By Morris Phillips
The Coliseum Complex hosted two reigning World Champs on Saturday afternoon in the NBA Warriors and the World Series Champion Royals, dwarfing the A’s and their early-season struggles at home.
Nonetheless, the Athletics—now 26 seasons removed from winning big—measured up by posting a big win, and avoiding their worst start to a season at home since 2001.
Josh Reddick hit a three-run shot in the first inning to back Sonny Gray, who labored through six innings in the A’s 5-3 win. The A’s improved to 5-7 on the season, and won for only the second time in eight games at the Coliseum.
“You never want to say this early in the season anything’s a ‘must’ win, but it was a big win for us,” manager Bob Melvin said.
Stephen Vogt homered for the second consecutive game, and the A’s pounded out double-digit hits for the first time in 2016. But this one was won in the middle innings as Kansas City tried to mount a comeback, challenging Gray with lengthy at-bats in the fourth and fifth inning, but denting the A’s ace for just one run.
Gray’s pitch count mounted in the first three innings, and the fourth and the fifth put him at 100 pitches for the game. Just like they did in their post-season run to the World Series crown, the Royals were battling at the plate, while Gray felt his stuff was good, he was missing location more often than what he would find comfortable . The A’s defense behind Gray gave, but occasionally took, with second baseman Jed Lowrie committing a pair of errors.
“Today he dug deep for us to get through that sixth inning,” Melvin said of Gray.
“They’re really pesky and make you work for every single out,” Gray said, basically describing each of the first five innings.
With a run in, and two on in the fourth, Gray induced a ground ball from Alcides Escobar that ended the inning. In the fifth, Kendrys Morales looked at a pair of called strikes before grounding into an inning-ending double play with two more runners aboard.
Eager to compete—and win—Gray made sure he avoided eye contact with Melvin when entering the dugout after the fourth and fifth, in fear that the manager would lift his starter. Melvin took Gray’s cue and sent him back out for the sixth.

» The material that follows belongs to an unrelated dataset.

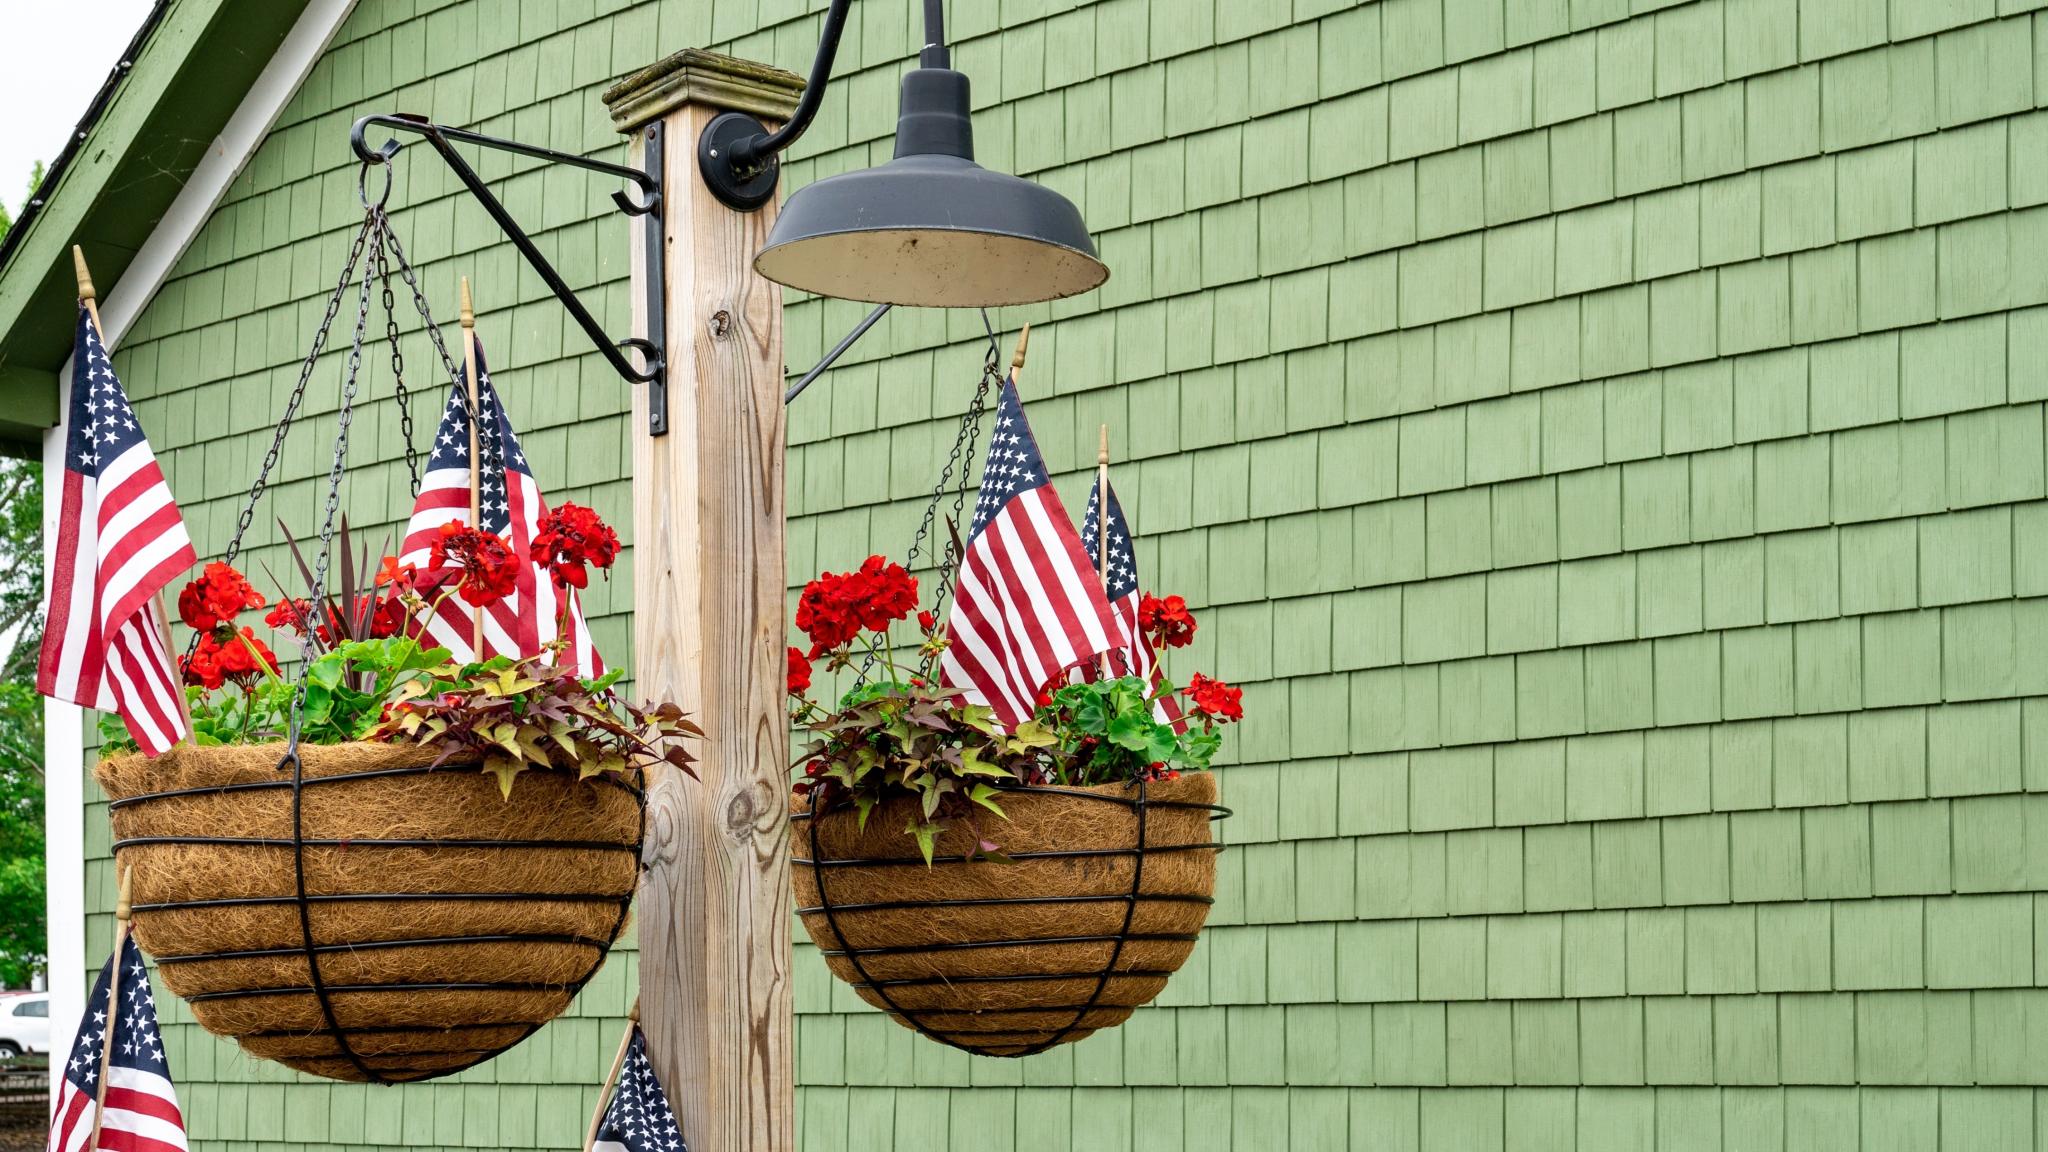 Hanging baskets with coco coir liners

“Obviously, I’d like to get deeper. But I’m glad they gave me the opportunity to go back out there,” Gray said.
Gray rewarded that faith with a 1-2-3 inning in the sixth that required his final 14 pitches of the afternoon. The A’s bullpen took it from there as John Axford, Sean Doolittle and Ryan Madson recorded the final nine outs.

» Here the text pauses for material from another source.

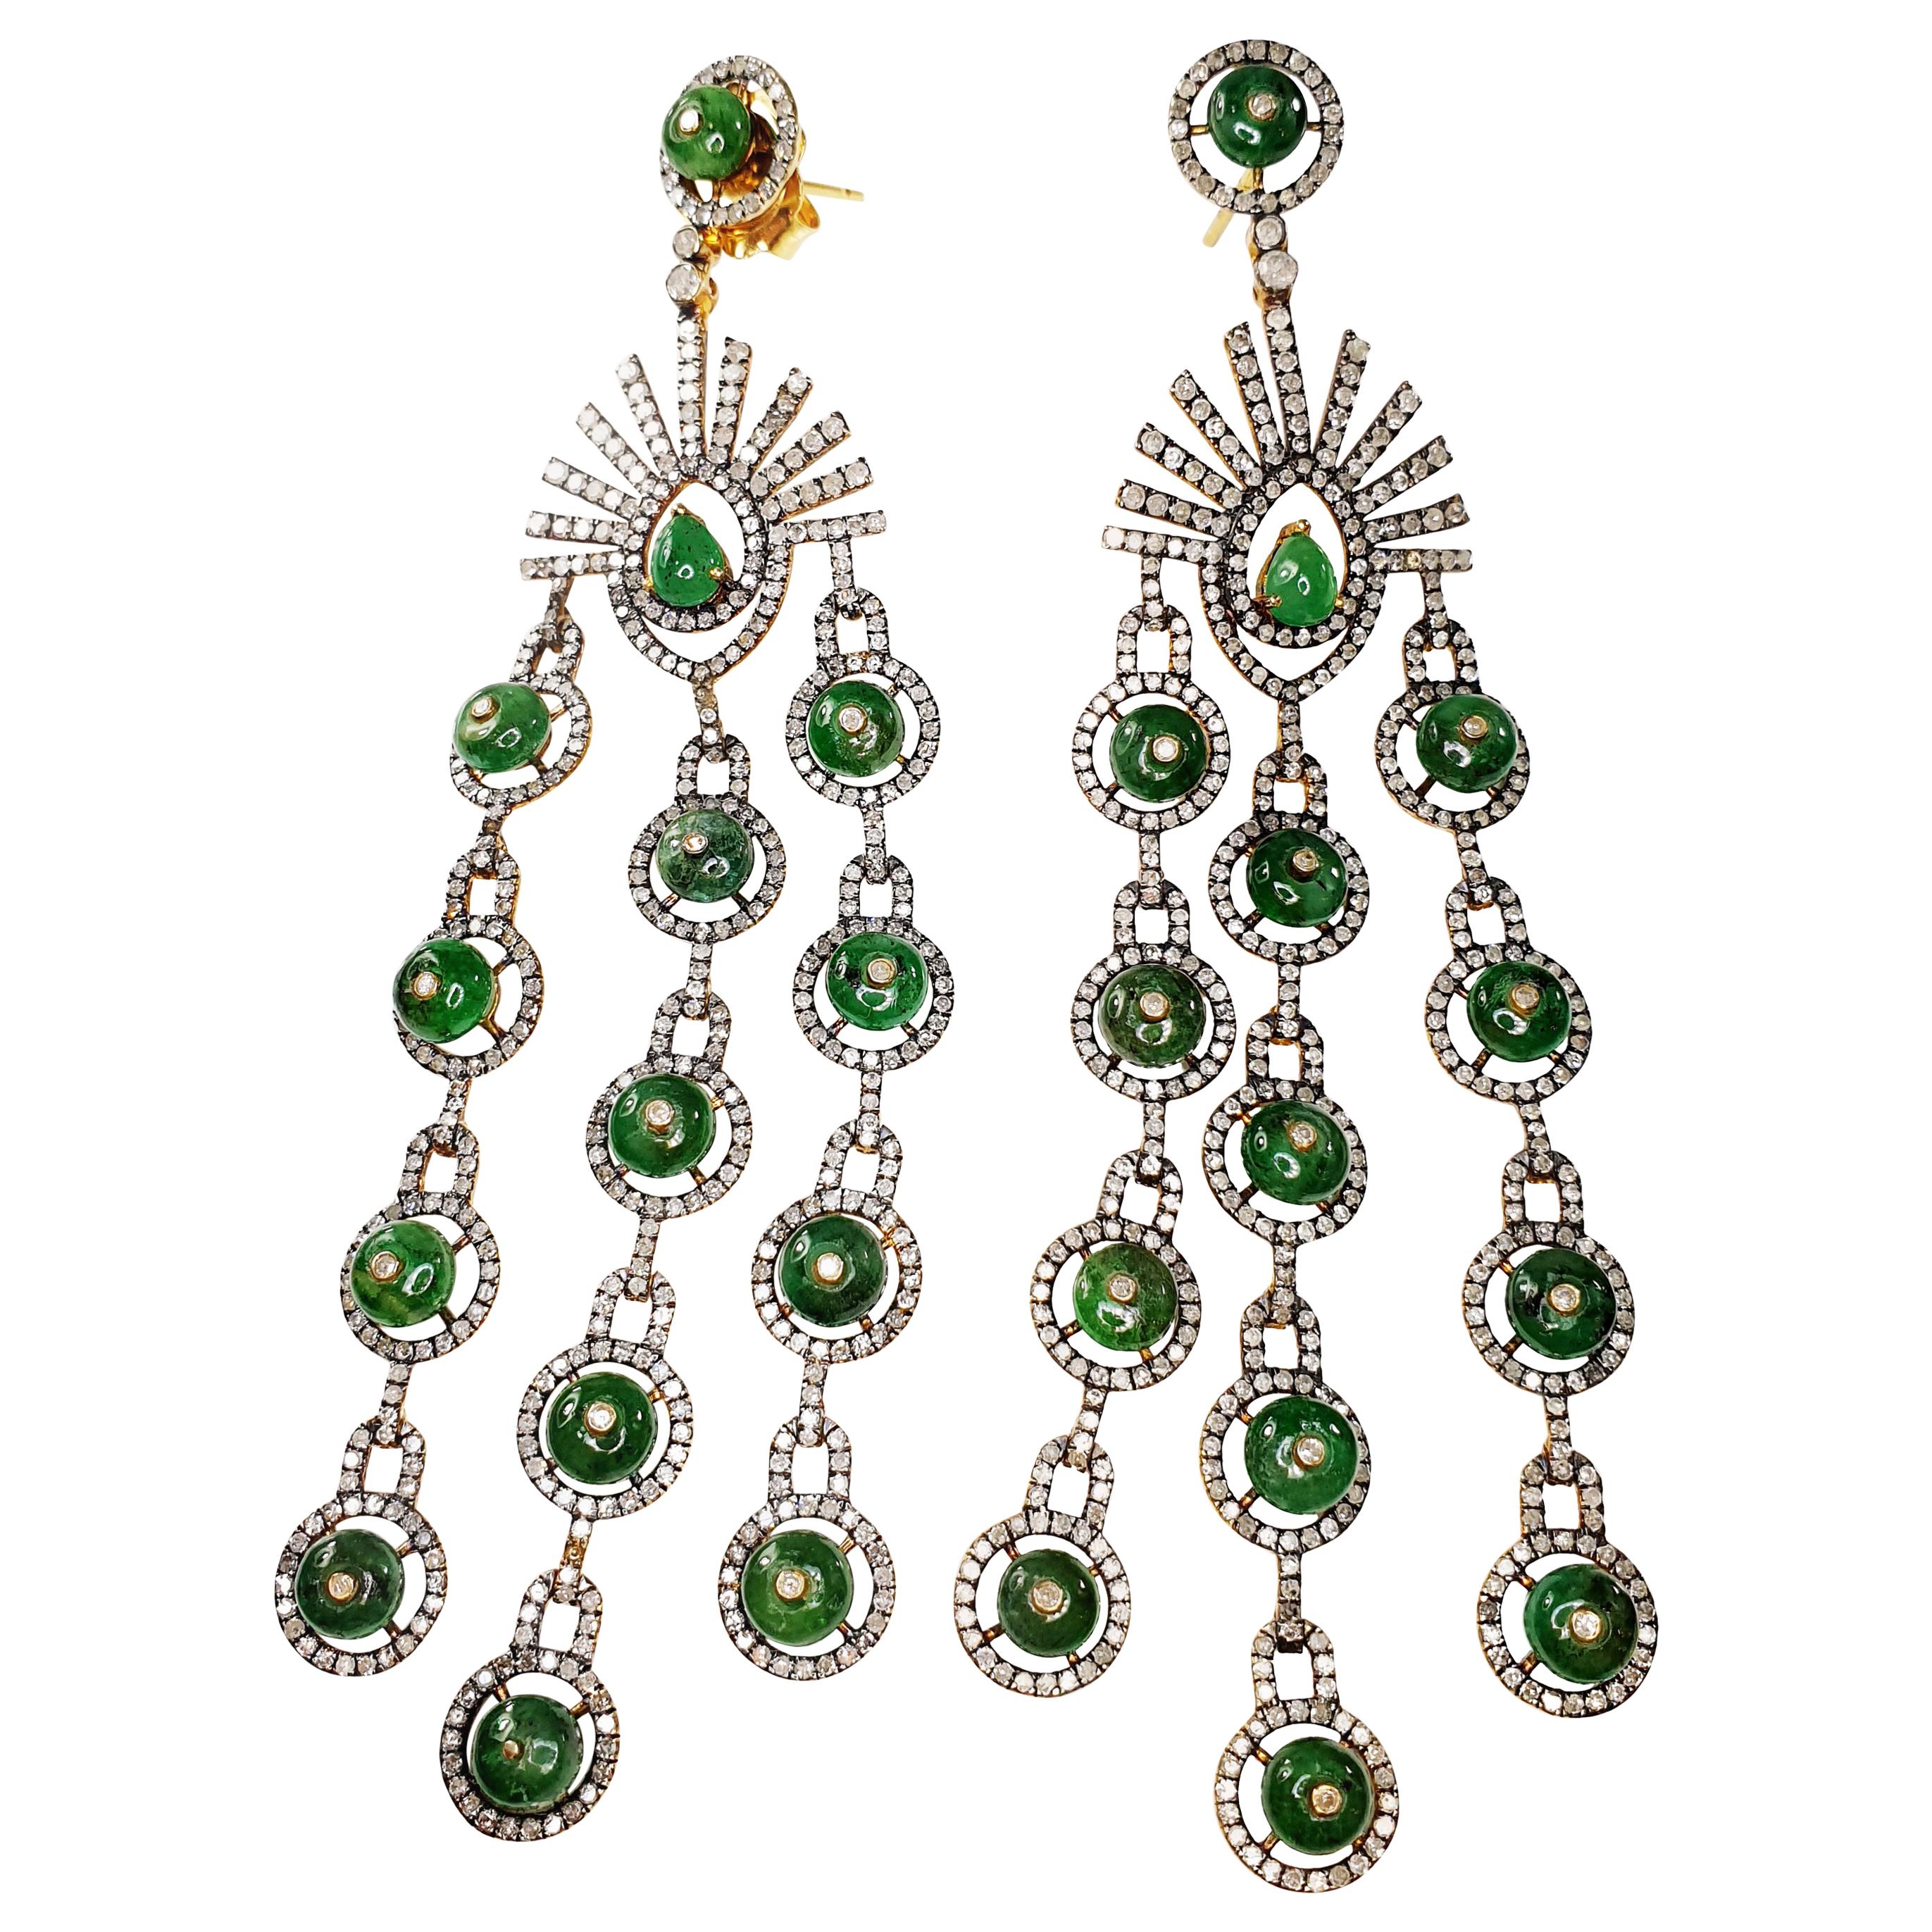 18 Karat Gold and Silver Earrings with Diamonds and Emeralds

Chris Young took the loss for Kansas City, falling to 0-3. The 6’10” veteran looked like a mechanical mess, allowing Reddick’s blast, walking a couple, and getting pulled in the fifth with the Royals trailing 4-2.
The win ended a four-game losing streak dating back to their sweep last weekend in Seattle. Lucky for Oakland, the AL West hasn’t set the world on fire in the first two weeks, and the first place Rangers—just 7-6—are comfortably within reach.
The A’s look for a series win on Sunday with Chris Bassitt on the mound opposite Kansas City’s Kris Medlin at 1:05pm.
DOOLITTLE SAYS HE FINE, AND MELVIN CONCURS: Sean Doolittle pitched to just one batter, and wasn’t in his familiar closers’ role on Saturday, one day after allowing Eric Hosmer’s mammoth home run over the center field wall, just part of his early struggles that have his ERA sitting at 6.35. Melvin made it clear that his closer hadn’t been demoted, but had earned a reduced role on Saturday after working the previous two days.
Doolittle retired Alex Gordon on seven pitches to end the eighth.
He spoke afterwards, and after looking at video, and speaking to catcher Stephen Vogt, felt encouraged that he hasn’t compounded his trouble by not getting out of innings after allowing some damage. Still, he understands the anxiousness of the fans and others, especially with the team struggling and the specter of Jim Johnson’s awful April two years ago.
“Against the backdrop of what’s been happening this season, it looks way worse than it is,” Doolittle said.